=== ACTIVITY ===
In the data below, locate the line containing "16C Anzug Rüstung: Helm;" and the line containing "bangkok_fireball_sep062015.jpg.CROP.rectangle-large_0.jpg", then retype both and everything between them exactly. Pictures are not part of the copy.
RECORDS SHOWN START
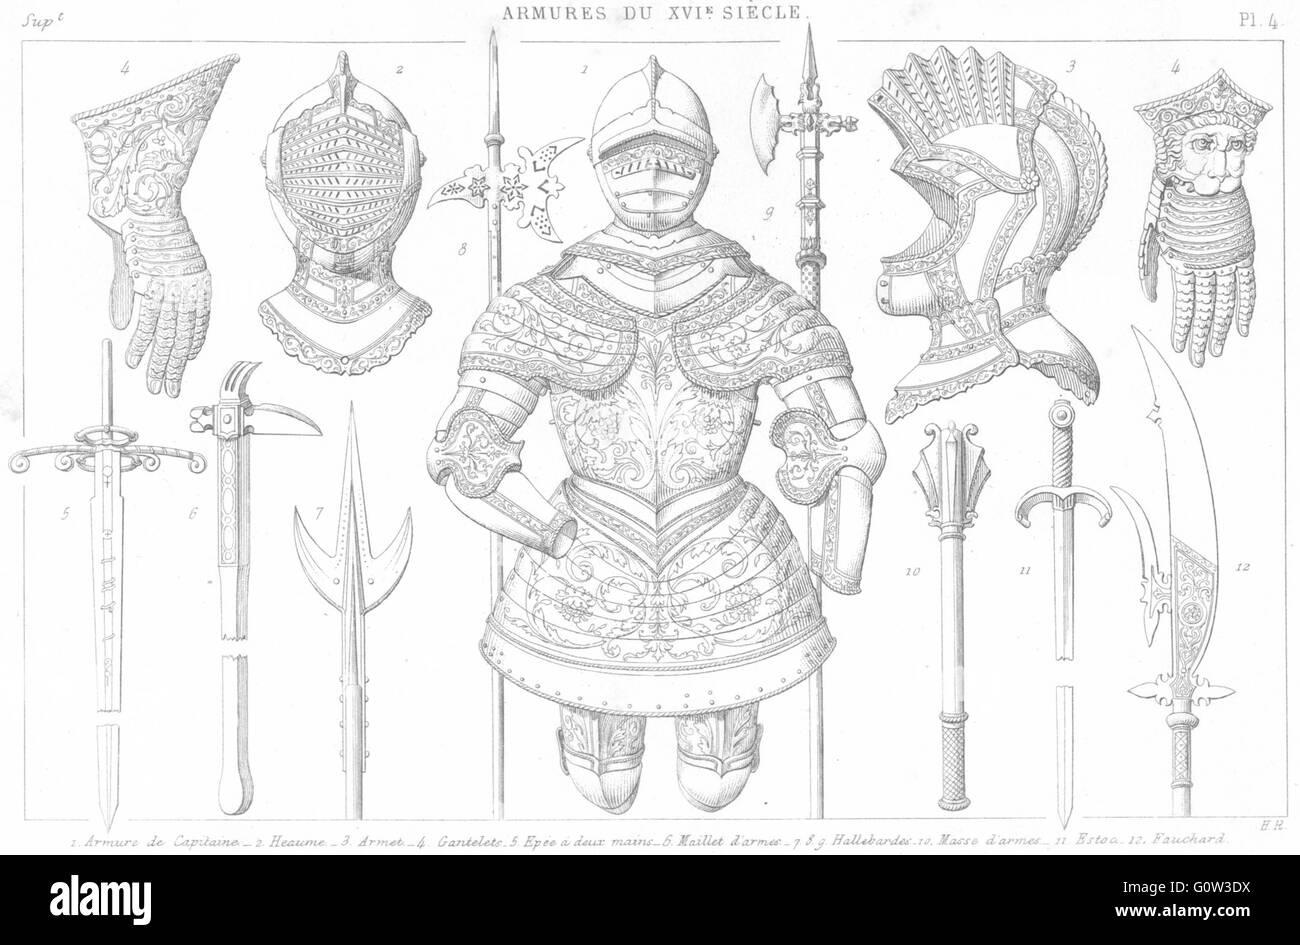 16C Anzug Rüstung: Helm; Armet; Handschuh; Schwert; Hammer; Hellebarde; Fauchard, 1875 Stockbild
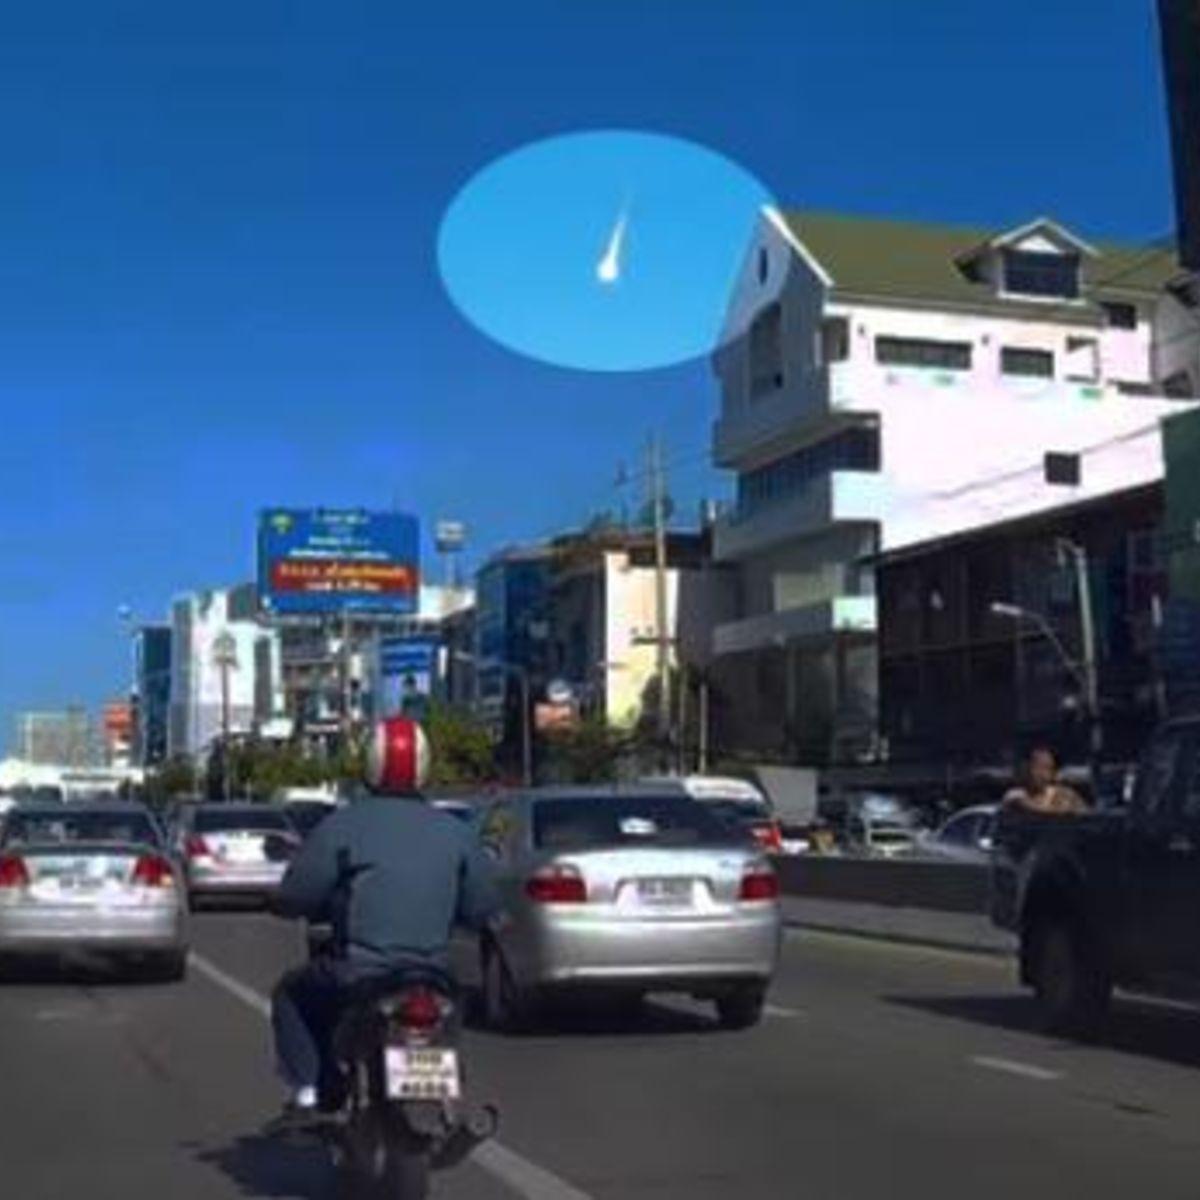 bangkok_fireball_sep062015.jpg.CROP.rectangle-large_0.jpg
RECORDS SHOWN END
RECORDS SHOWN START
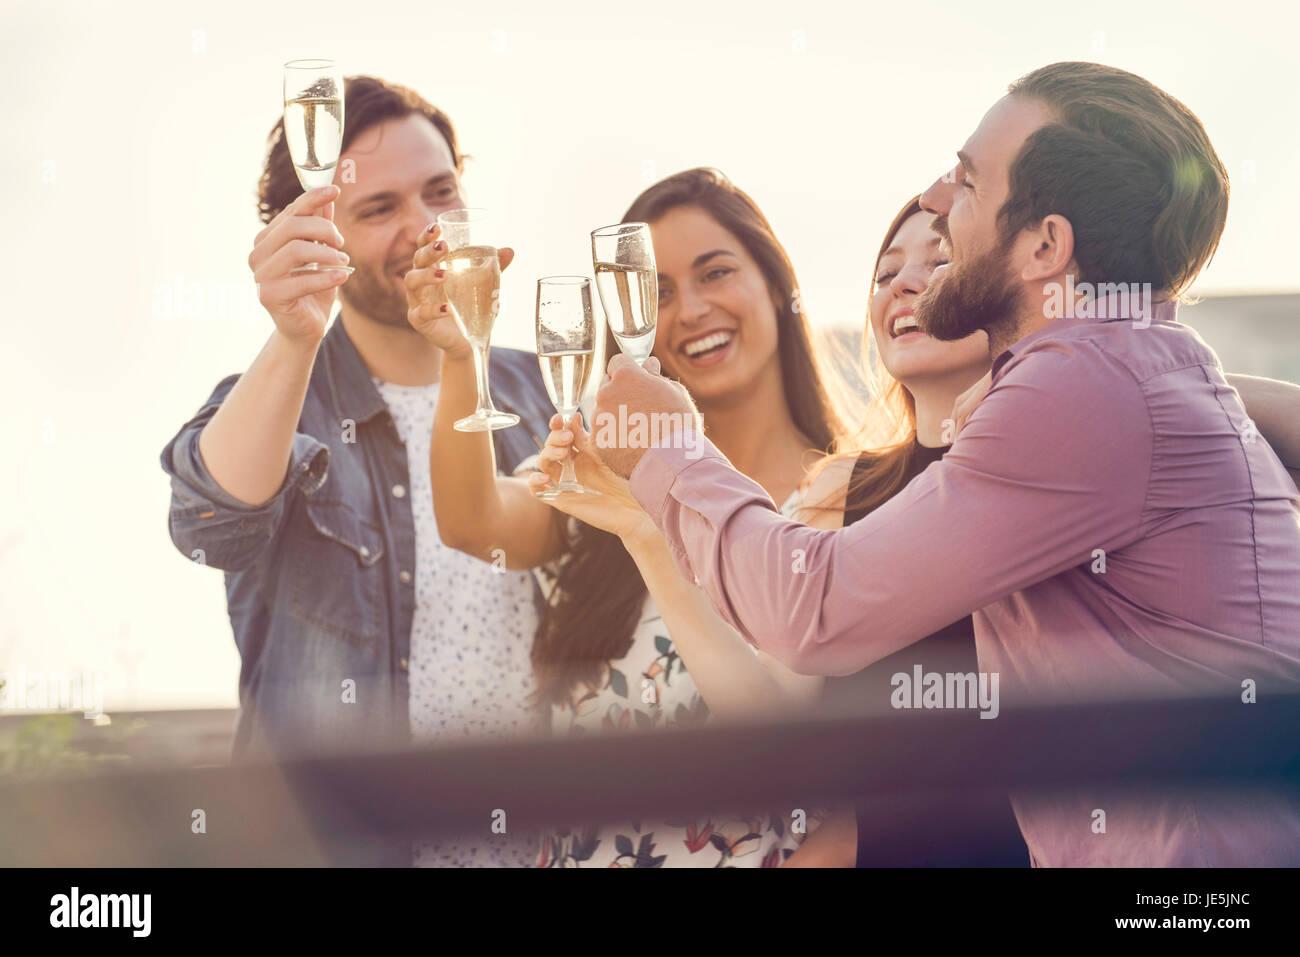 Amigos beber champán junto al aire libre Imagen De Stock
RECORDS SHOWN END
RECORDS SHOWN START
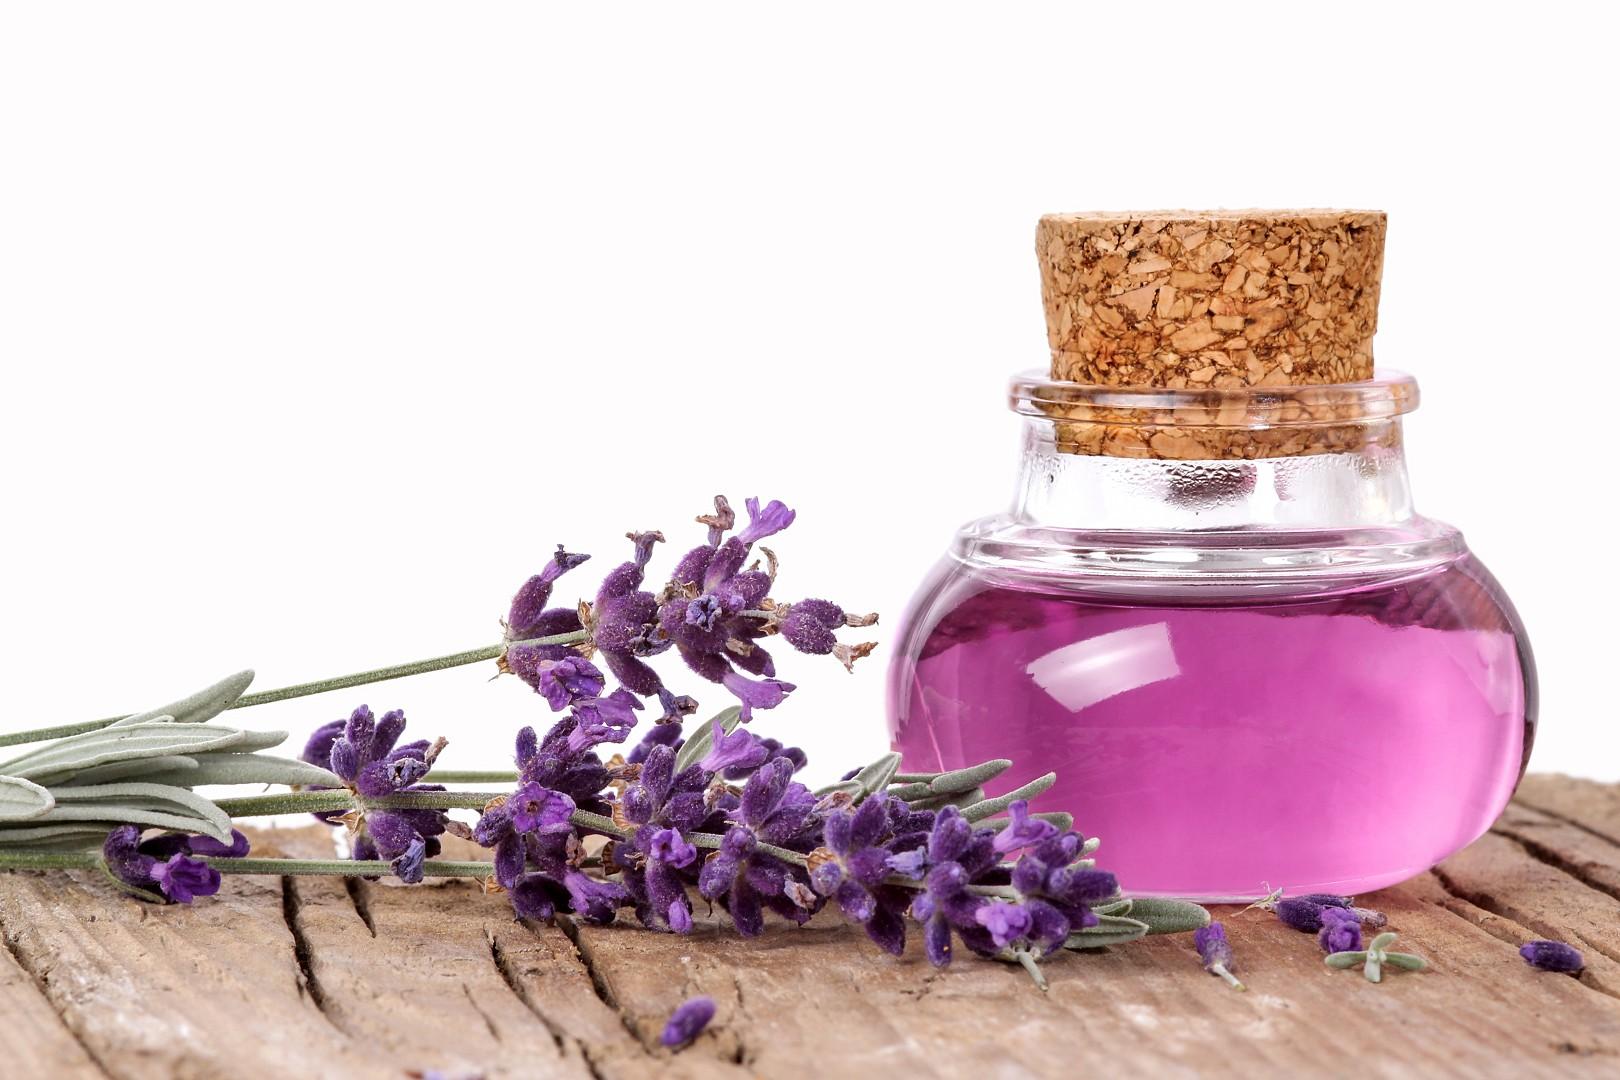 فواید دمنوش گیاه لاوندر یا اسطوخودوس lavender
RECORDS SHOWN END
=== TASK OUTPUT ===
 16C Anzug Rüstung: Helm; Armet; Handschuh; Schwert; Hammer; Hellebarde; Fauchard, 1875 Stockbild
 bangkok_fireball_sep062015.jpg.CROP.rectangle-large_0.jpg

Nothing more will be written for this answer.